There’s still one character who appeared in The Flash this week, albeit a minor one (both in the show and in the comics). In The Flash Reborn, amiably speaking with Killer Frost, we make acquaintance with low-life Hunk Norvock, portrayed by Mark Sweatman. This is a true Easter-egg, as Norvock is quite an old character, appeared for the first time in 1943, and exactly in the story that also marked the debut of The Thinker, this season’s main villain (and, apparently, this Norvock is part of an organization, The Network, run by another well known supervillain…). There’s not much to say about this unfortunate mob boss, but I hope you enjoy nevertheless.
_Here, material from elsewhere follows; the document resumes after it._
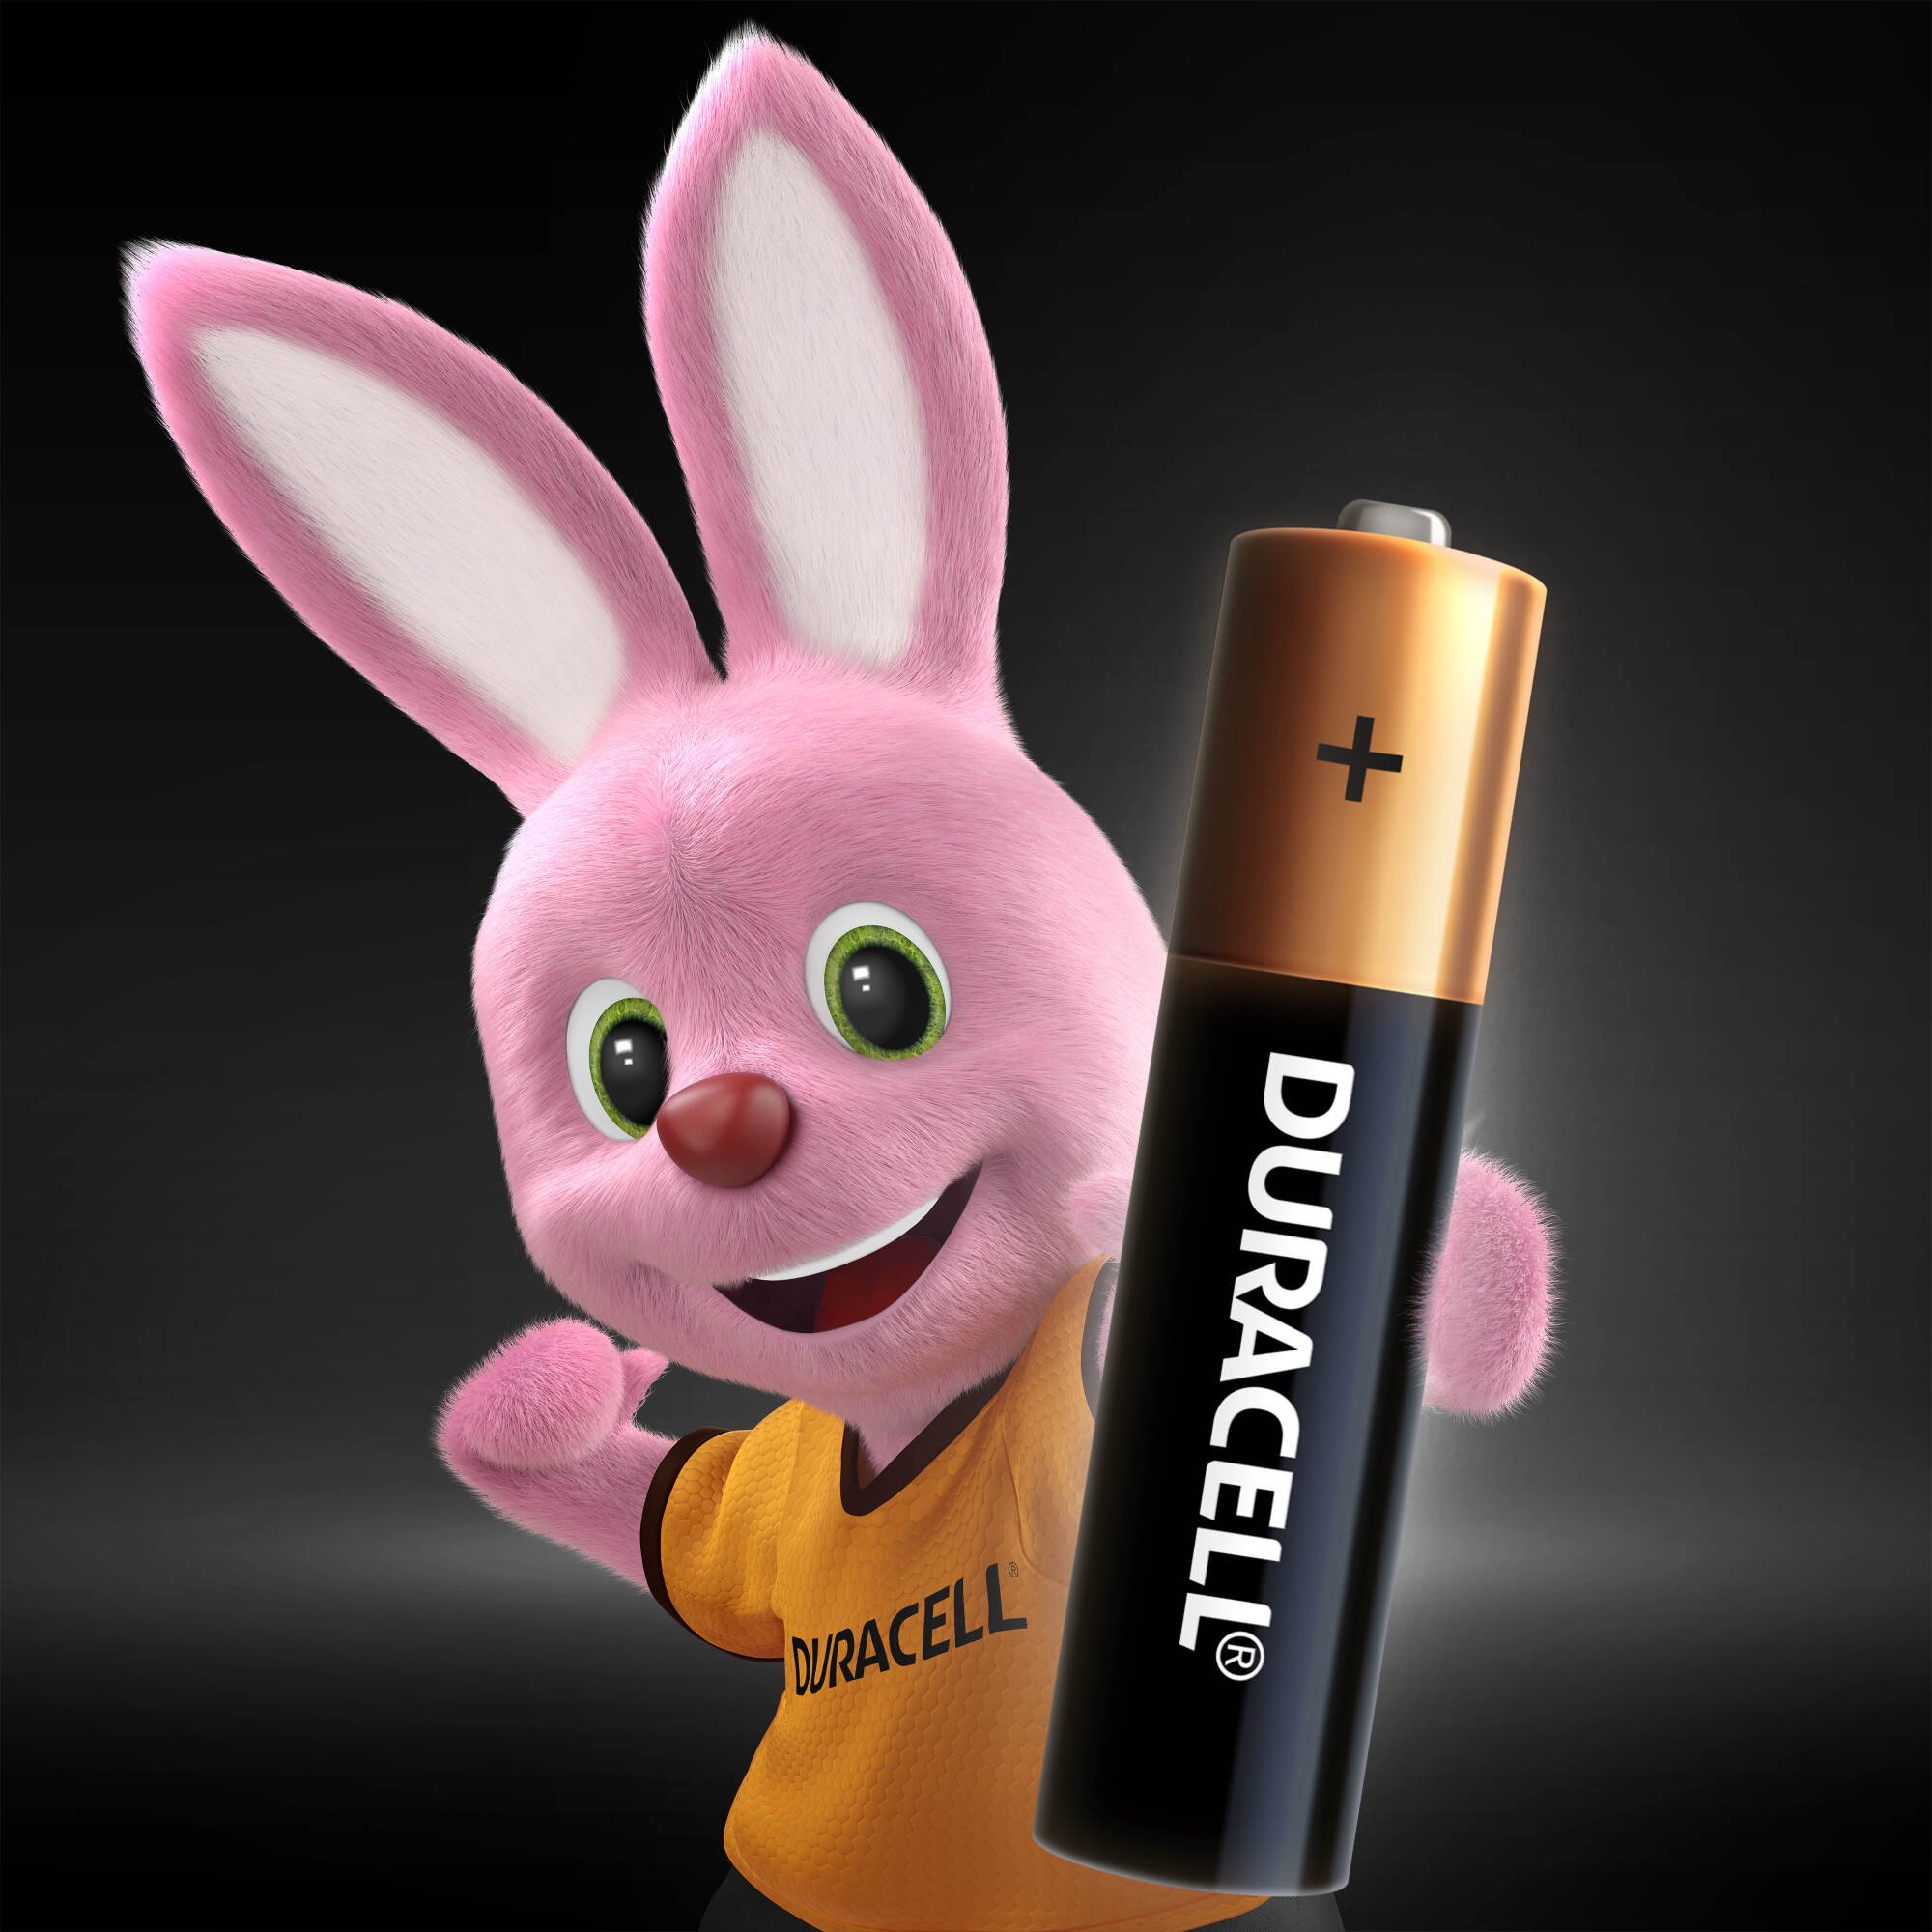 Лужні батарейки мізинчикові Duracell 1,5 V AAA LR03/MN2400, 2 шт. (706007) - фото 2

Not much is known about Hunk Norvock, not even his true name. Born and raised in Keystone City, he wasn’t exactly a model citizen, and he soon learnt that the quickest way to make money was outside the boundaries imposed by the law. Starting from the bottom, Norvock made his way to the top of the food chain, becoming one of the most powerful and influential crime bosses around. Albeit he made quite a fortune with bootlegging, soon Norvock was involved in any kind of illegal activities, from petty crimes to bank robberies, and he appeared to be untouchable…this, until the new city’s DA, Clifford DeVoe, managed to have him incriminated for one of his many activities. The situtation would have been desperate, if not for sheer luck: one of Norvock’s boys, while stealing into a Senator’s house, found a compromising letter among his daughter’s belongings. Norvock blackmailed the girl into providing him an alibi, stating that he was present at her house party, thus saving his neck. DeVoe was unable to prove him guilty, and even more: stopping to question a key witness because of her credibility as a socialite, he gave the impression of shying away from a woman during the trial, and he lost the people’s trust, with many believing he had tried far a too ambitious hit for him. Norvock walked away untouched, and he gave the girl her letter back. Then, he received the most unexpected visit: DeVoe offered him his services, putting his remarkable intellect at his disposal, pointing out he would have surely needed, sooner or later, someone with true brains to take him out of troubles. Intrigued, Norvock accepted his offer, and hired “The Thinker”, a personal genius who put up alibis to keep his men out of jail, and who also planned more and more ambitious (and remunerative) heists.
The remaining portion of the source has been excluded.